Changing your heritage wouldn't help much anyway. Numerous studies show that "cultural" genetics play little or no role in preventing heart disease. Immigrants begin to adopt American ways of life and eating and quickly lose their cultural advantage. Of course, individual genetics play a huge role in your health, but the health advantages experienced by ethnic people in other countries is more a function of lifestyle than DNA.
-- Develop family rituals. They can be as simple as hot chocolate and cookies every evening before bed and a set dinner time several nights a week when everyone sits down together without the television.
-- Invite friends and relatives to dinner. Don't make the meal preparation a high-stress event; concentrate on the friendship instead.
-- Stretch out the length of your meal times. One good way to do this is to eat in courses -- don't put everything on one plate. Split your dinner wine into courses too, a little white with salad, a little red (or another white) with the main course.
-- Take a meditation course which teaches you to disconnect from the stress.
-- Watch your body. Research has shown that just as emotions are mirrored in facial expressions and muscle tension, your emotions will respond to facial clues and muscle tension. Smiling even when you're tense or angry will help chase away the bad emotions.

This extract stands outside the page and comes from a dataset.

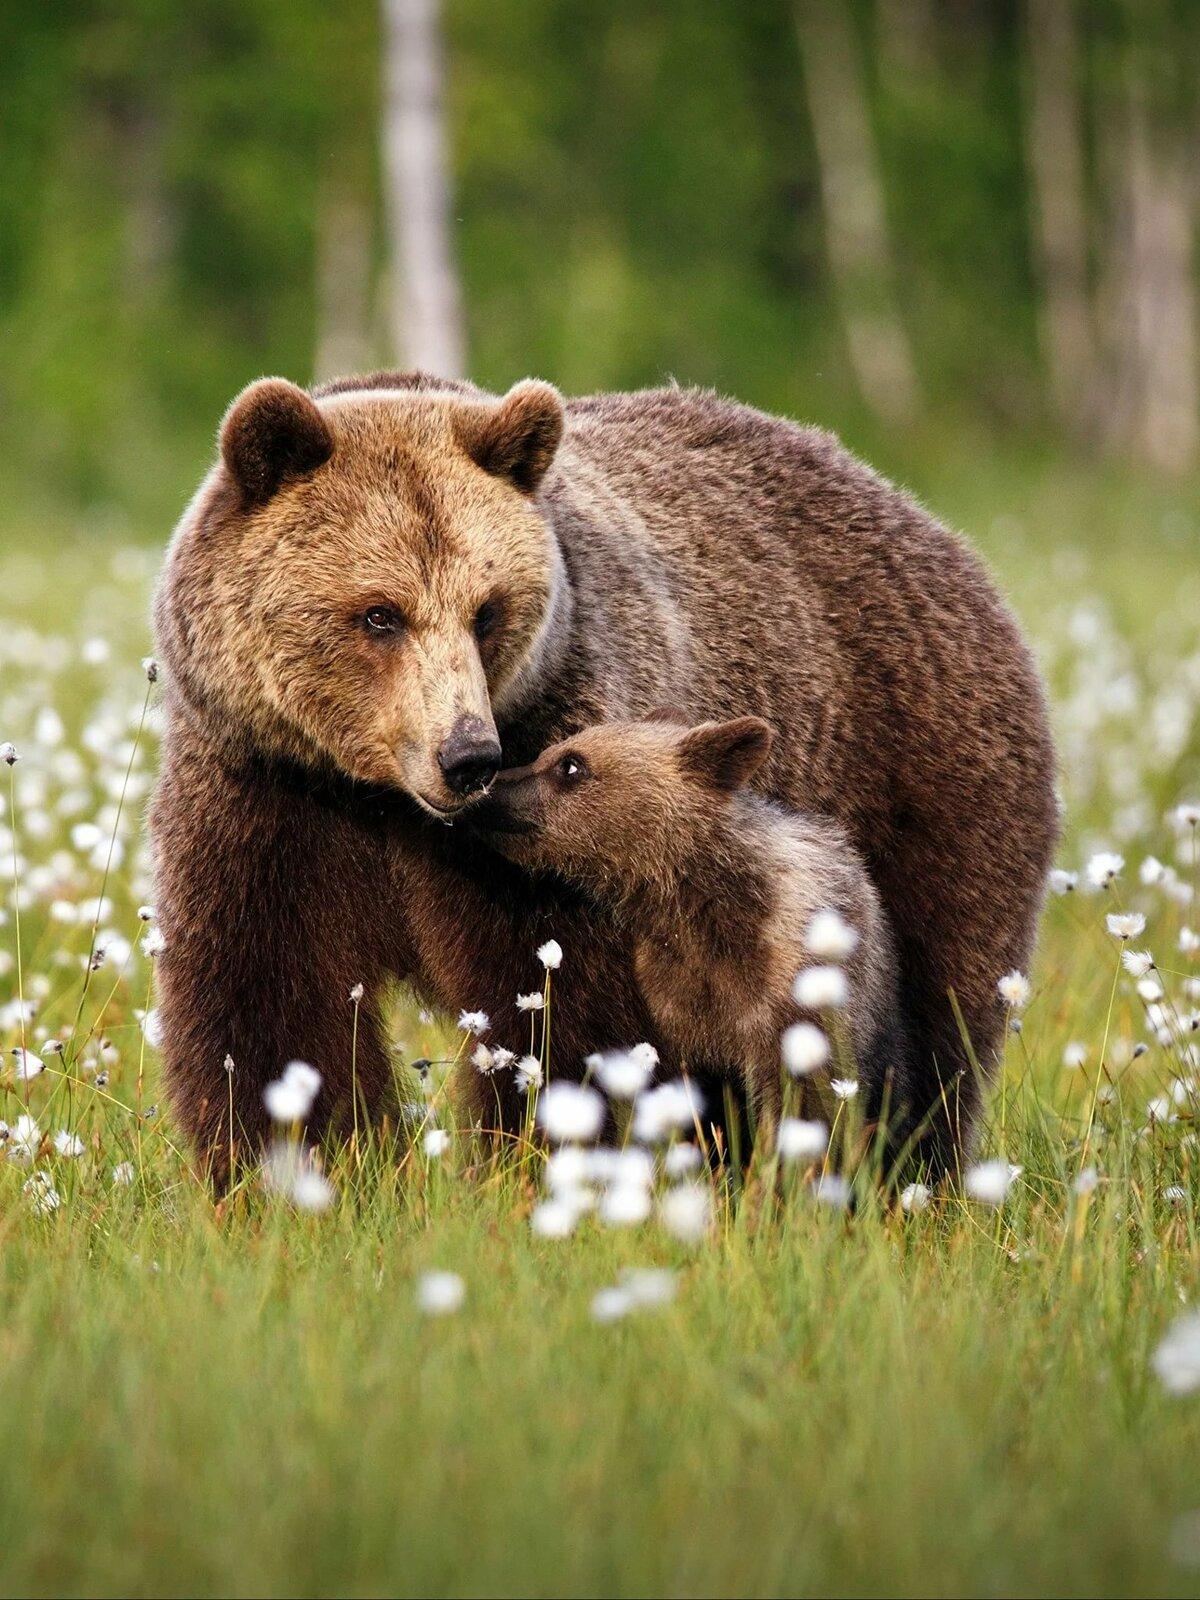 Фотки с медвежатами

-- Monitor your breathing. When you're tense, you tend to breath rapidly and shallowly. Concentrate on slow, deep breathing and you can break up a bad mood.
-- Relax. Just as stress can tense up muscles, consciously relaxing muscles can reduce emotional stress.
-- Get a massage. Have someone else relax your muscles.
-- Take a nap. Many prominent and successful people take a 15 to 20 minute afternoon nap which reinvigorates them and divides one day into two. If your work schedule is not flexible, take a late lunch and make the first quarter hour a nap.
-- Exercise moderately. Most Mediterranean people avoid health clubs like they do bad fish. But they walk and cycle as part of their everyday lives -- to work, to market, for recreation. Try it.
-- When things are going very, very badly take a quiet moment, relax, control your breathing, smile and visualize an image of some wonderful time in your life. Focus on walking along that beach, catching that fish, gazing on that unforgettable sunset. Transport yourself into the image and out of the stressful situation.
-- Get a good night's sleep.
-- Allow yourself enough time for tasks. Running late causes far more stress than getting up 15 minutes early or leaving for a meeting with time to spare.
-- Ask for help. When you're overloaded, rely on friends, family and at work, your co-workers. If you can't depend on these people you need to remove yourself from that situation. Consider professional counseling to help with the motivation and guidance to make this decision and for the support to carry it out.
-- Let it all out. But not on your friends. Punch a bag, take a brisk walk where every step is a kick at your nemesis.
-- Don't take it out on those who love you.
-- If it's been a bad day, take a walk around the block or the yard before you greet your spouse, roommate, children, significant other, mother, father, brother, sister, dog, parakeet. They can't support you if you take your anger out on them.
-- Be irresponsible on occasion. You probably have some deadlines, maybe most of them, that won't matter a lot if they aren't met. Don't let your friends or loved ones down, but being a day late on some things won't matter.
-- Take a paid vacation day if you're feeling angry, depressed or stressed out. Do something nice for yourself -- go to the beach or the ballpark, get a massage, have a picnic, take a drive. This is a no-obligation, no-guilt, stress-free day for what you want to do, not what you feel you should do.
-- If you're single, build your own support relationships by joining a church, synagogue, club, civic group, taking classes, volunteering for charities.
-- Get a pet if you're alone.
-- Maintain a sense of humor. Read a book of jokes or cartoons; check out a comedy videotape or watch the stand-up comics on television; go to a live comedy club. When you laugh, you're in control and that can keep you out of the hospital.
-- Have a glass of wine. Not too many, not too few.